Dice el Apóstol San Pablo en la Pimera Carta a los Corintios, que hemos empezado a escuchar en esta semana, que la predicación es una locura, es una necedad. No es entonces gran elogio el que hace hoy a los predicadores.
Como además esta Eucaristía se celebra pidiendo perdón de los pecados de los sacerdotes y almas consagradas, hoy veo que se me está tratando de pecador, loco y necio; sin embargo, sobre esa base, y el calor del día y el peso de la jornada, hay que predicar.
Y con la ayuda de Dios vamos a hacerlo.
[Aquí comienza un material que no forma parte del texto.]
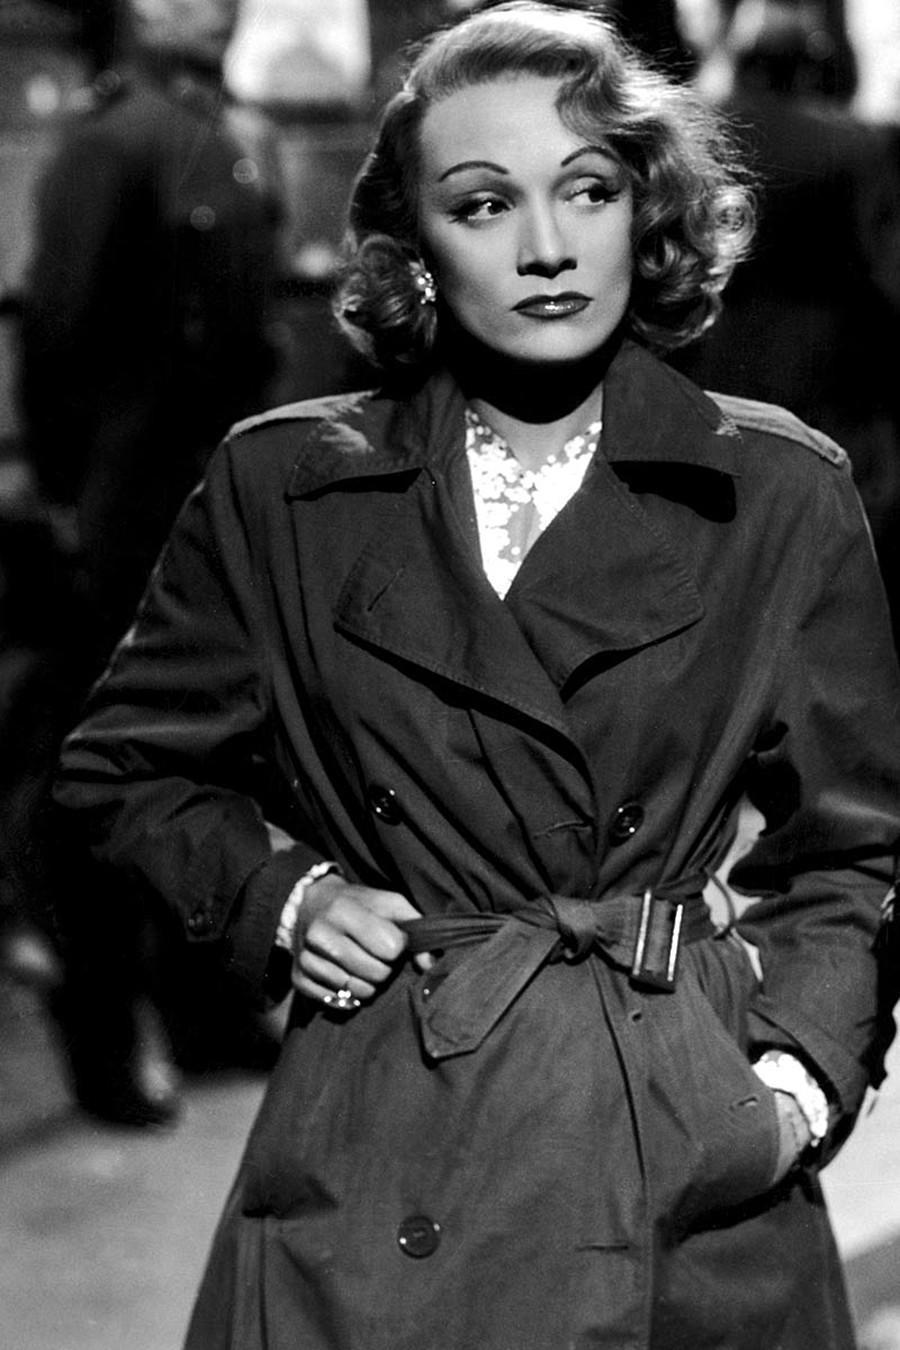 Marlene Dietrich portant un trench-coat

Porque hay que predicar aunque sea una locura; hay que predicar aunque uno sienta que las doncellas se duermen; hay que predicar aunque esté avanzada ya la noche; hay que predicar aunque no venga el Esposo; hay que predicar así no aparezcan los sabios, ni lleguen tampoco los signos.
Lo dijo el Apóstol San Pablo, lo repitió su santidad Pablo VI,y hoy tengo que decirlo yo: "Ay de mi si no evangelizare". Por encima de nuestros pecados, por encima de nuestras necedades, hay que predicar.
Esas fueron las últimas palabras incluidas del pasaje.